━━ DATASET EXCERPTS ━━

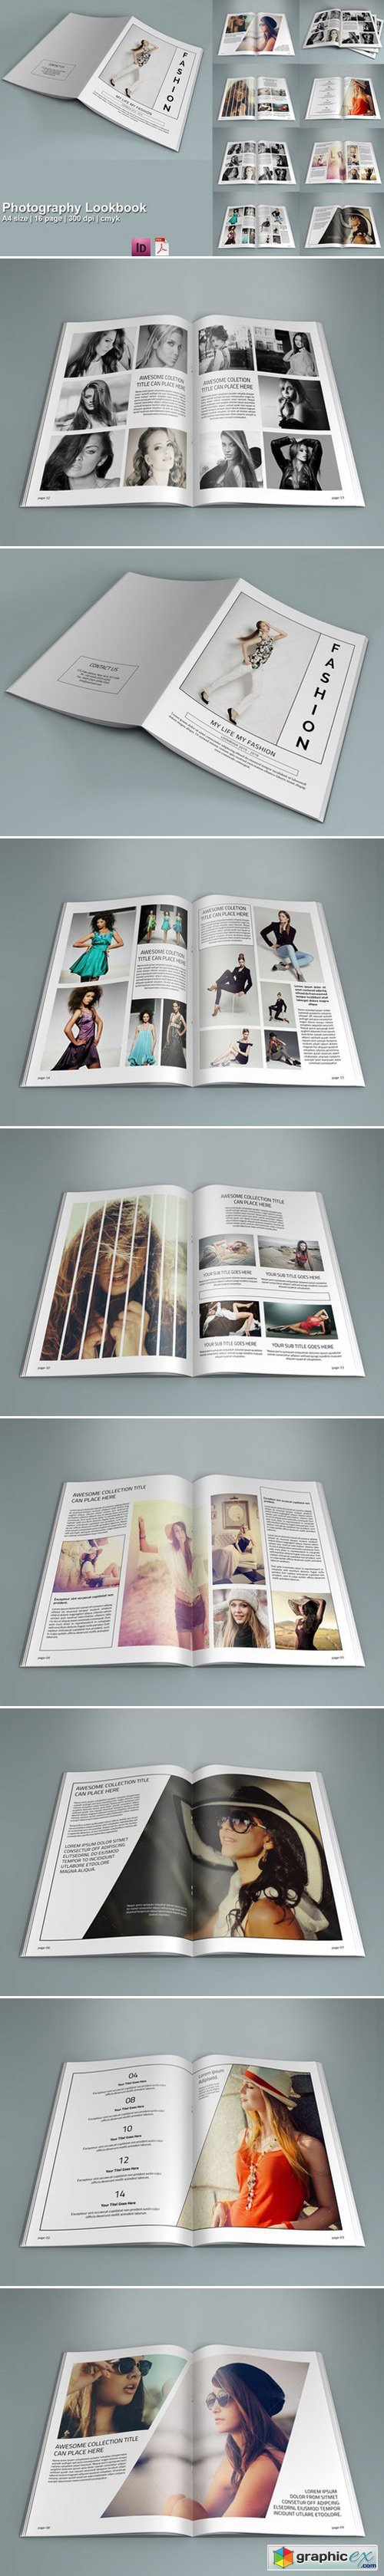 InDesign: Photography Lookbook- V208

━━━
━━ DATASET EXCERPTS ━━

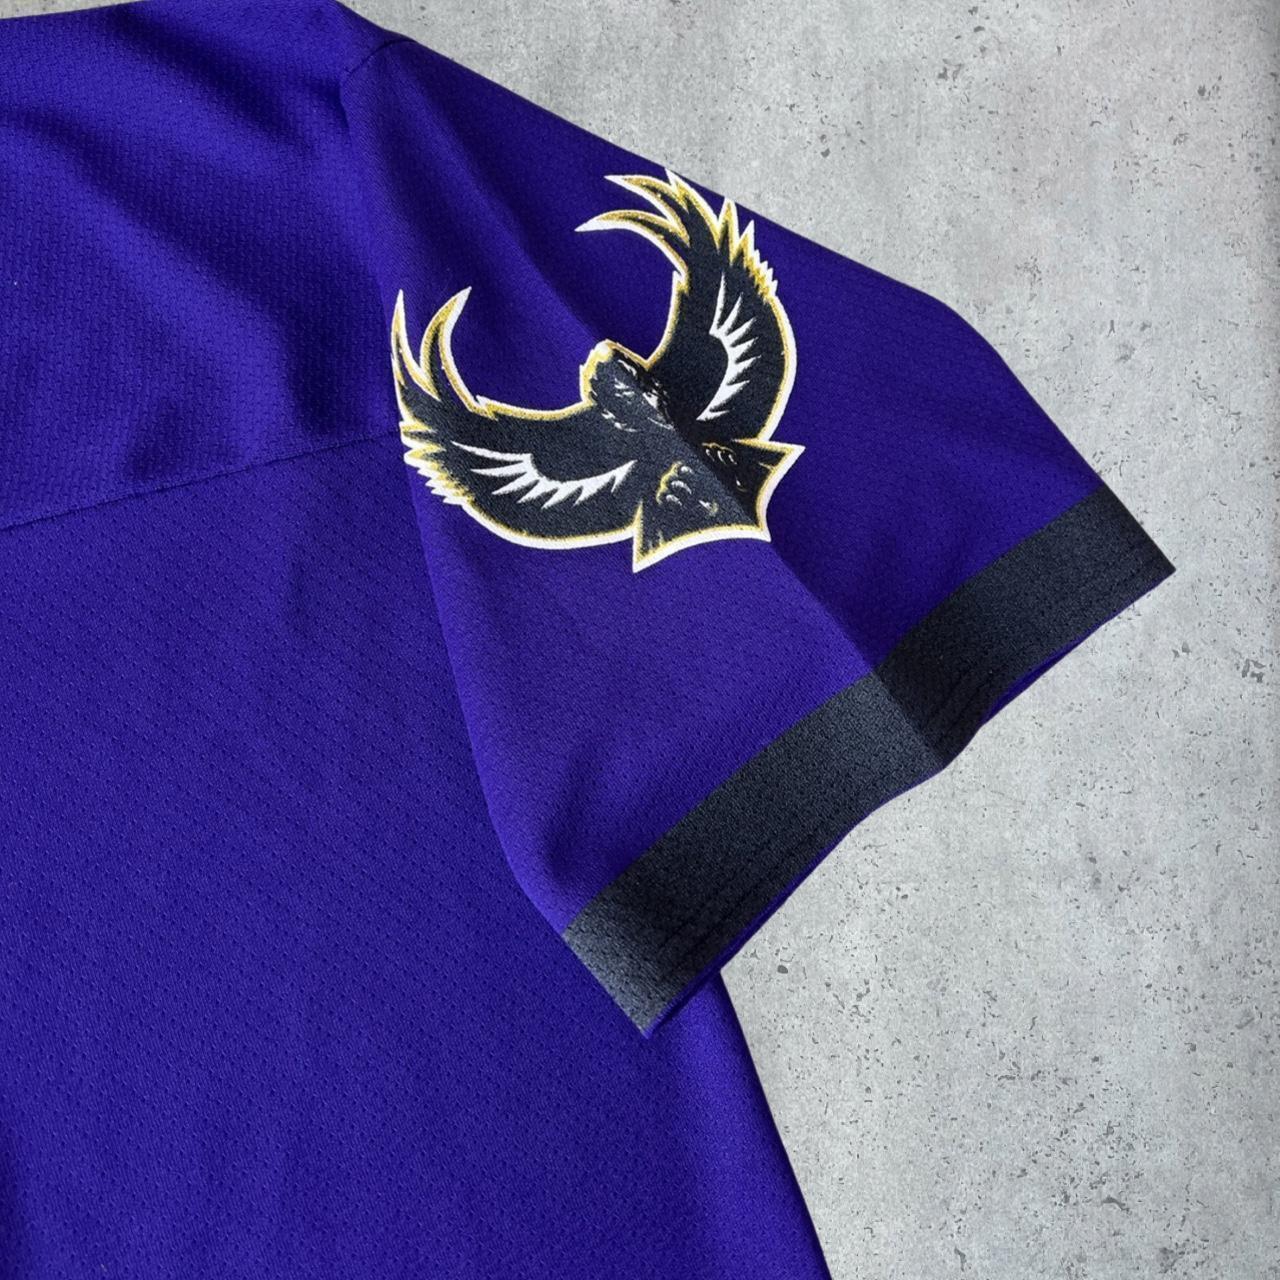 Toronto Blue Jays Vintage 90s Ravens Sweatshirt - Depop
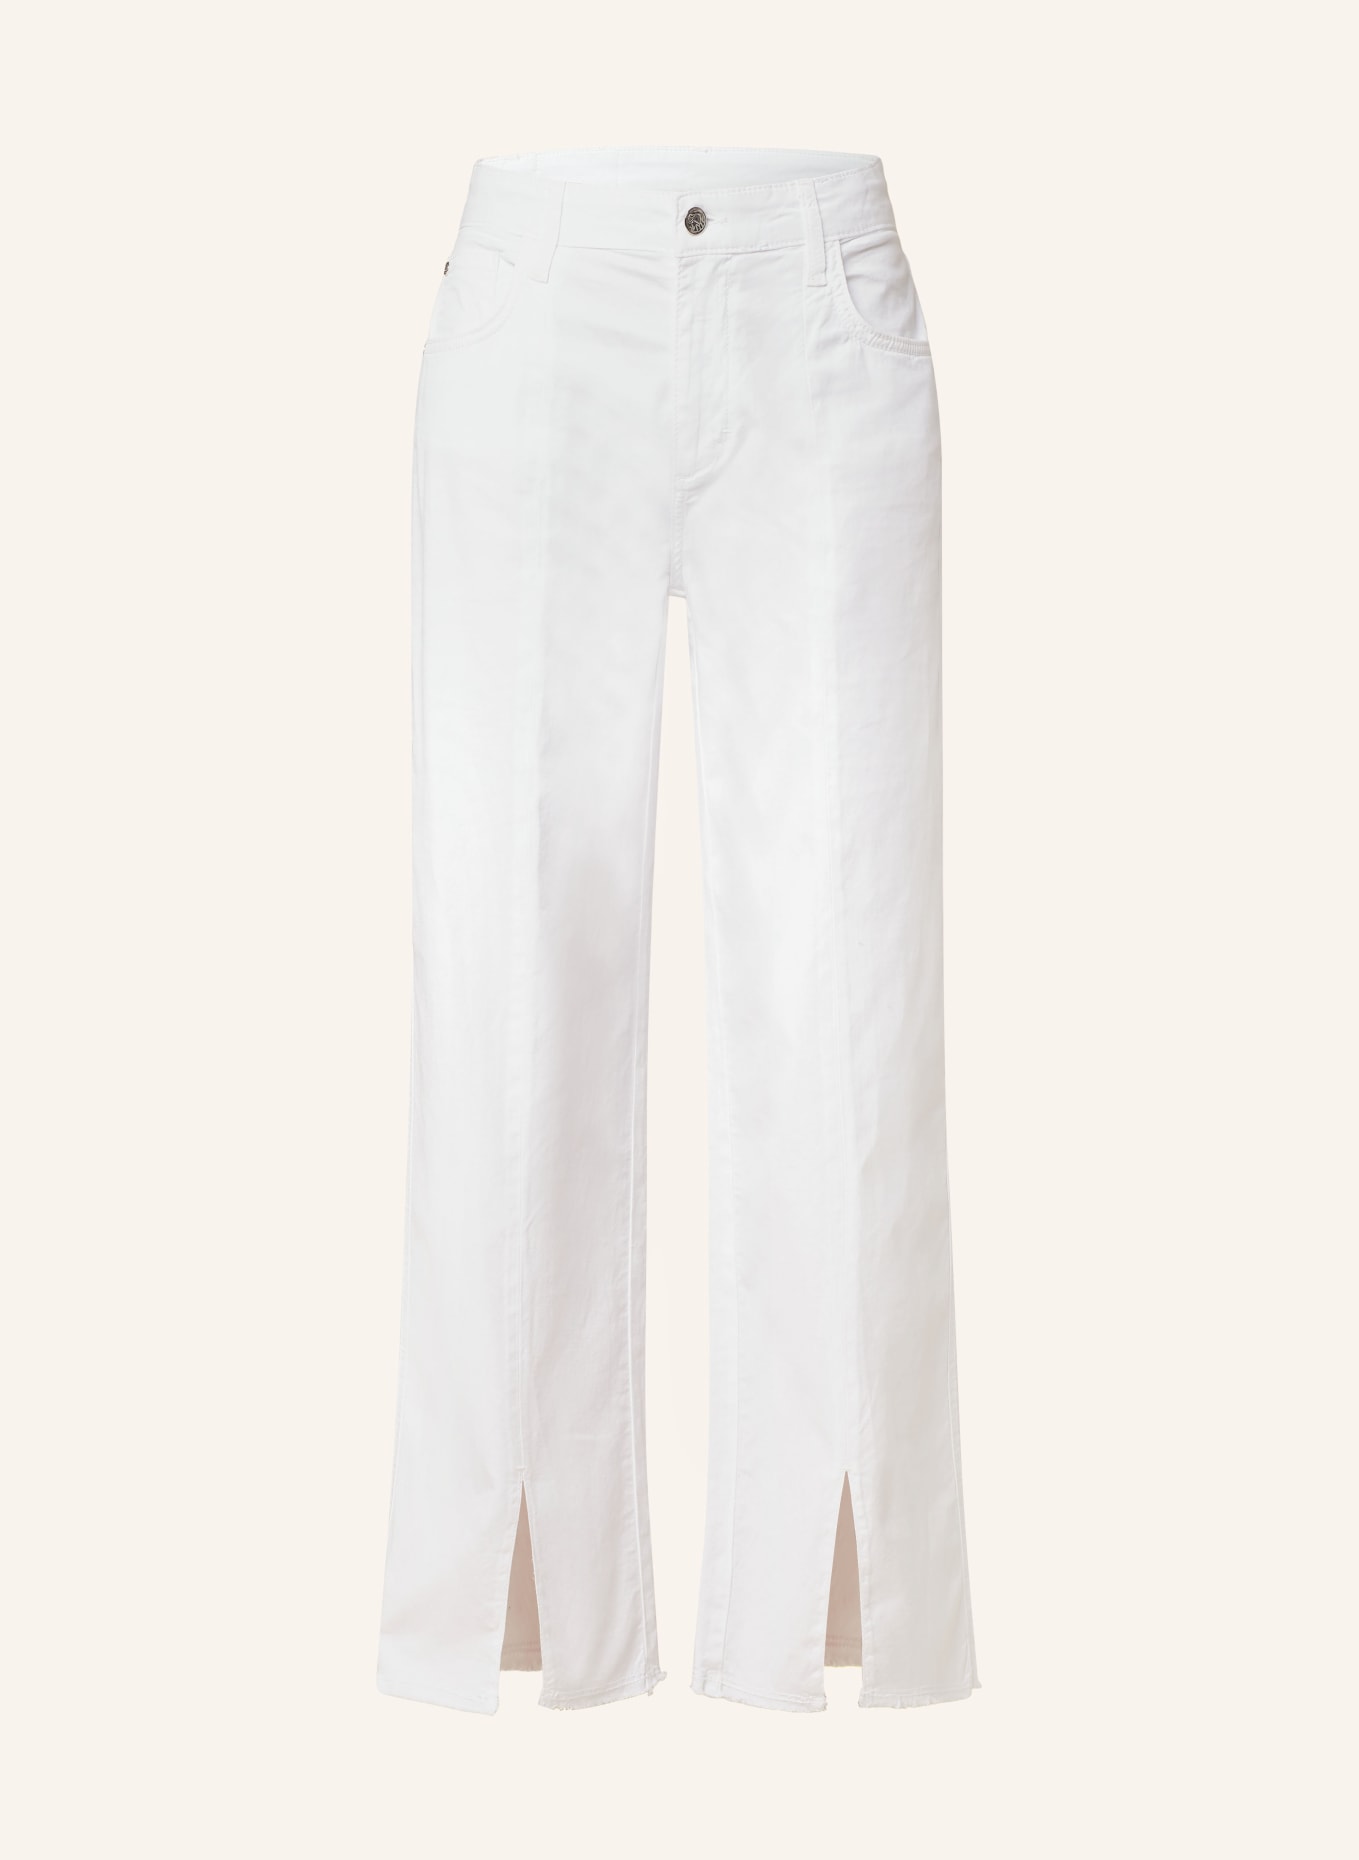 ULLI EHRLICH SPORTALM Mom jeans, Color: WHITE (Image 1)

━━━

§ **REQUIRED WORK**
Above are the records. Copy word for word only their lines from the one holding "Toronto Blue Jays" through the one holding "ULLI EHRLICH SPORTALM", both included, and skip the images.

§ **ANSWER AREA**
 Toronto Blue Jays Vintage 90s Ravens Sweatshirt - Depop
 ULLI EHRLICH SPORTALM Mom jeans, Color: WHITE (Image 1)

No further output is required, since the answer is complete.